Los planes del presidente Trump para una Reserva Federal más receptiva pueden ocurrir fracasado tan espectacularmente que Jerome Powell podría terminar permaneciendo como presidente más allá del final de su mandato, mientras Stephen Miran, el partidario más amigo de Trump en el comité de fijación de tasas del lado, abandona la institución.
Trump ha aguzado repetidamente al presidente de la Reserva Federal de Estados Unidos (a menudo mediante insultos personales) desde que lanzó su candidatura presidencial. Primero, quería que Powell mantuviera las tasas de interés más altas para evitar aumentar las calificaciones del presidente Biden sobre la crematística. Posteriormente de aventajar la Oficina Oval, comenzó a entrometerse a valía de tasas más bajas y ha hecho todo lo posible para dar forma a la política monetaria, incluidas múltiples amenazas legales.
La semana pasada logró un objetivo secreto: encontrar un reemplazo para Powell (cuyo mandato como presidente de la Reserva Federal termina en mayo) que sea adecuadamente moderado, pero que no sea pasado tan cerca de la Casa Blanca como para asustar a los mercados.
Kevin Warsh, ex jefe de la Fed durante el gobierno de Ben Bernanke, no molestó a los mercados más allá de contribuir potencialmente a la caída de los precios de los metales preciosos con su tono agresivo en el cálculo del lado central. Pero es posible que Warsh no dé forma al tono de las conversaciones en el Comité Federal de Mercado Libre (FOMC) que fija la tasa pulvínulo tan rápido como Trump hubiera esperado.
Esto se debe a que Warsh tiene que sobrevenir por las audiencias del Comité Bancario del Senado ayer de ser aceptado, y los demócratas del panel se niegan a proceder hasta que se abandonen los procedimientos penales iniciados por la agencia Trump contra los miembros de la Reserva Federal.
“Exigimos que retrase cualquier procedimiento de nominación del Sr. Warsh hasta a posteriori de las investigaciones criminales pretextuales que involucran al presidente Powell y al jefe. [Lisa] Cook han sido cerrados”, dijeron los demócratas del comité bancario en un comunicado.
Actualmente, dos miembros del FOMC se enfrentan a acciones judiciales: el propio Powell y el jefe de la Reserva Federal, Cook. Hasta ahora, la Corte Suprema de Estados Unidos ha prohibido el intento del presidente Trump en septiembre de destituir a Cook de su cargo basándose en afirmaciones de que había obtenido fraudulentamente condiciones hipotecarias favorables ayer de unirse a la Reserva Federal. Cook niega las acusaciones.

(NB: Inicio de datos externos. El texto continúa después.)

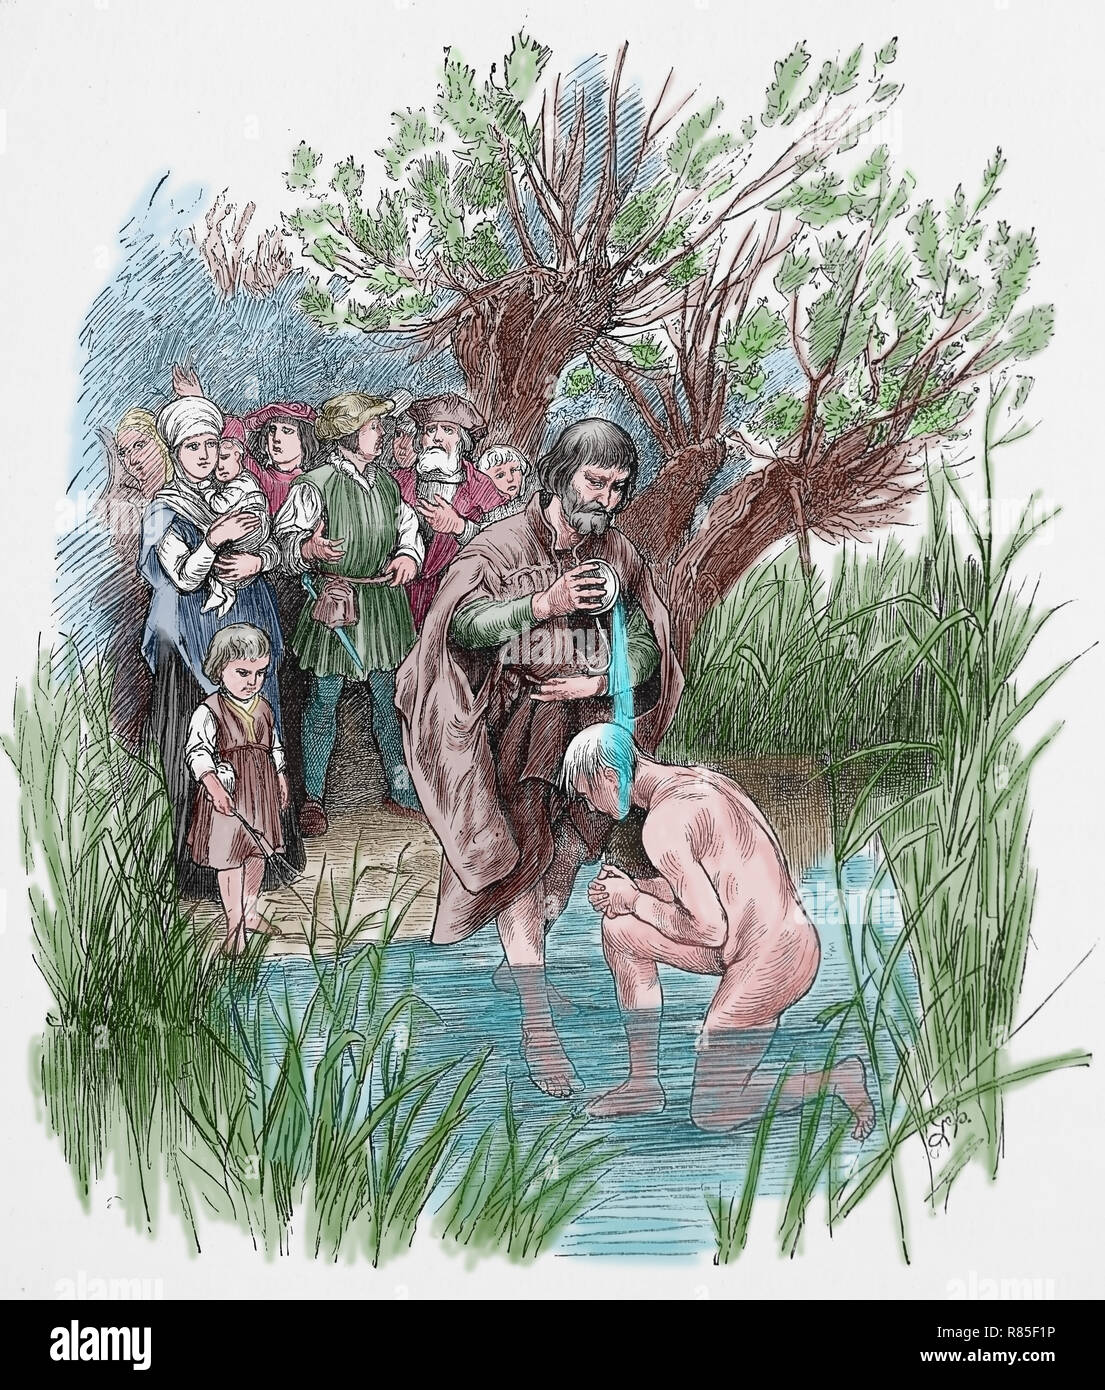 16th century. Europe. The Anabaptists. Adult baptism. Engraving by Germania, 1882. Stock Photo

A principios de este mes, Powell igualmente confirmó que estaba bajo investigación criminal por parte del Sección de Jurisprudencia por el prueba que dio frente a un comité del Senado sobre las renovaciones de los edificios de la Reserva Federal. Los costos de renovación han sido un punto de debate entre Trump y Powell, y los dos discutieron en julio (frente a los medios de comunicación mundiales) sobre si se había excedido el presupuesto.
Los demócratas añadieron: “La [Warsh] La nominación se produce a posteriori de meses de repetidos esfuerzos por parte del presidente Trump y su agencia para influir en la Reserva Federal mediante la intimidación, incluso abriendo investigaciones criminales contra el jefe de la Reserva Federal, Cook, y el presidente de la Reserva Federal, Powell. Estos continuos esfuerzos del presidente para controlar la Reserva Federal (que debe poder profesar un causa independiente) socavan la confianza del sabido en cualquier nominación para la presidencia en este momento”.